DATA EXCERPTS:
[Start of Attachment]
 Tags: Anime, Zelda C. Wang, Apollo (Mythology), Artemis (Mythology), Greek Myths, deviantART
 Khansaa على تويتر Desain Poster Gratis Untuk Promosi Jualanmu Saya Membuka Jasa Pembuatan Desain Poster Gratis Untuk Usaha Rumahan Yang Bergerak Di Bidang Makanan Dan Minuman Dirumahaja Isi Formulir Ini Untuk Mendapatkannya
[End of Attachment]
[Start of Attachment]
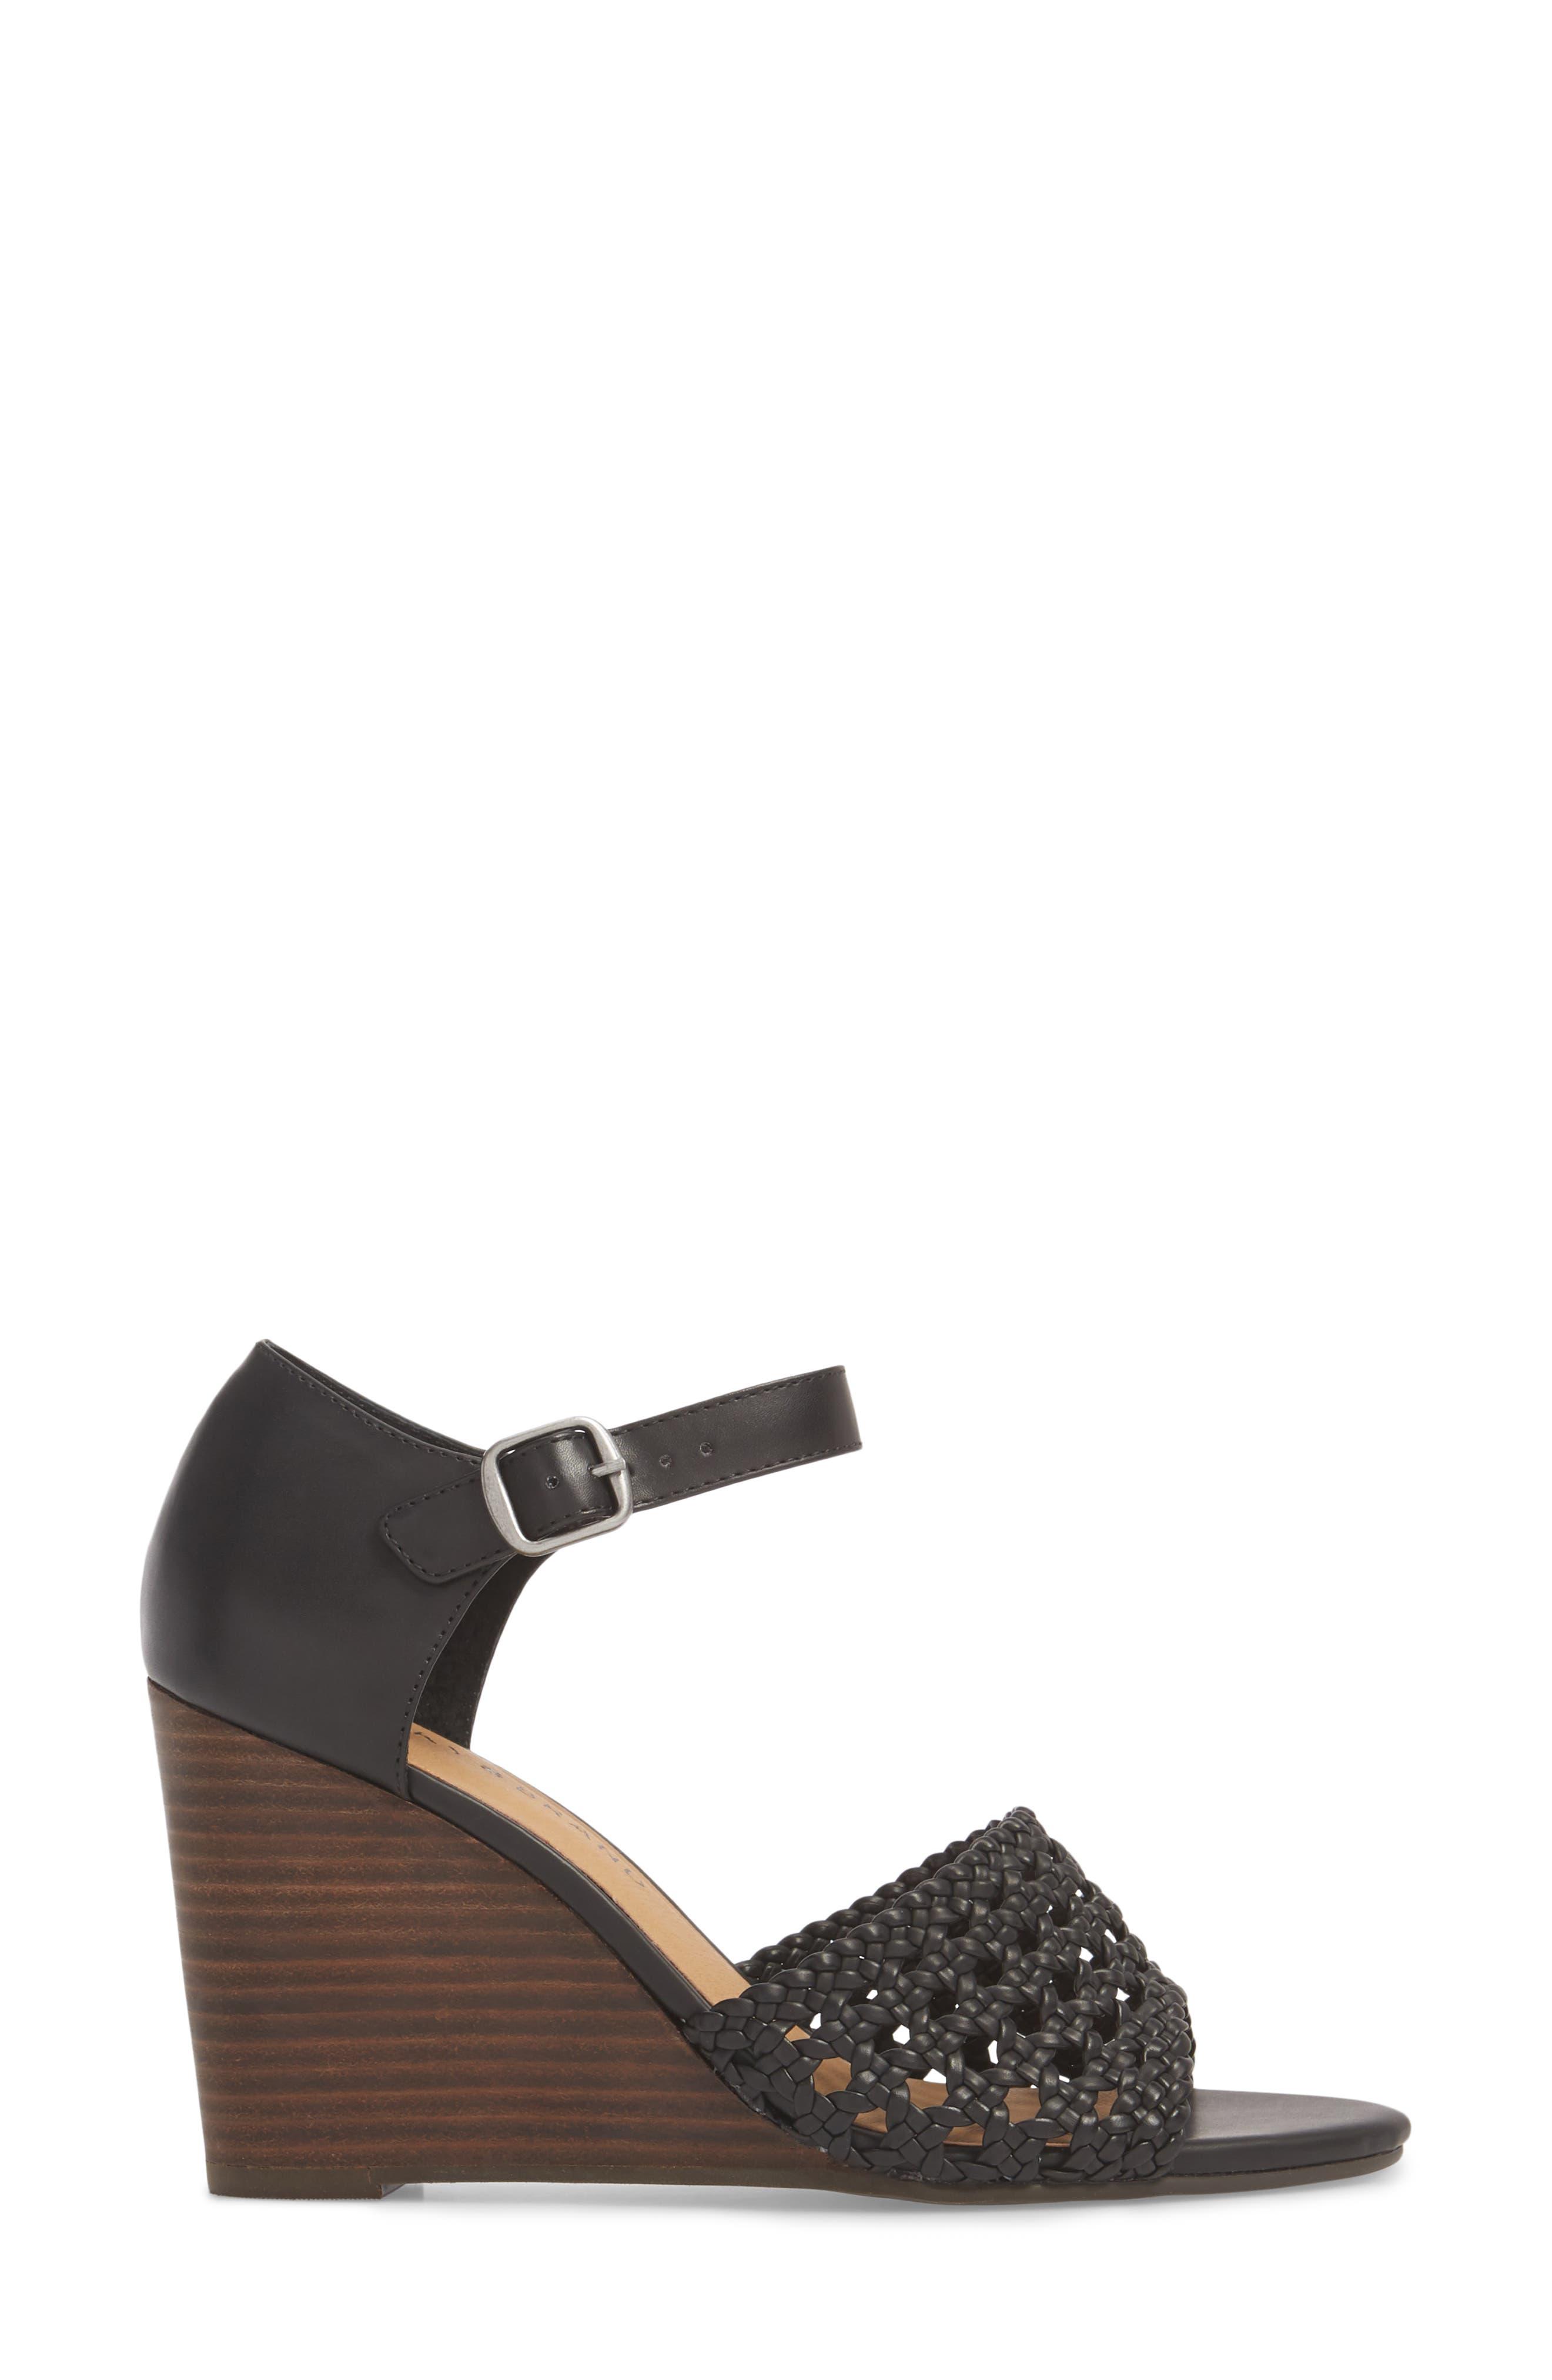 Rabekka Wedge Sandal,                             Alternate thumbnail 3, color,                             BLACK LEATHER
[End of Attachment]
PROBLEM TO WORK ON: Copy, exactly and only, the lines above that begin with the one containing "Tags: Anime, Zelda" and finish with the one containing "Khansaa على تويتر".

COMPLETED EXERCISE:
 Tags: Anime, Zelda C. Wang, Apollo (Mythology), Artemis (Mythology), Greek Myths, deviantART
 Khansaa على تويتر Desain Poster Gratis Untuk Promosi Jualanmu Saya Membuka Jasa Pembuatan Desain Poster Gratis Untuk Usaha Rumahan Yang Bergerak Di Bidang Makanan Dan Minuman Dirumahaja Isi Formulir Ini Untuk Mendapatkannya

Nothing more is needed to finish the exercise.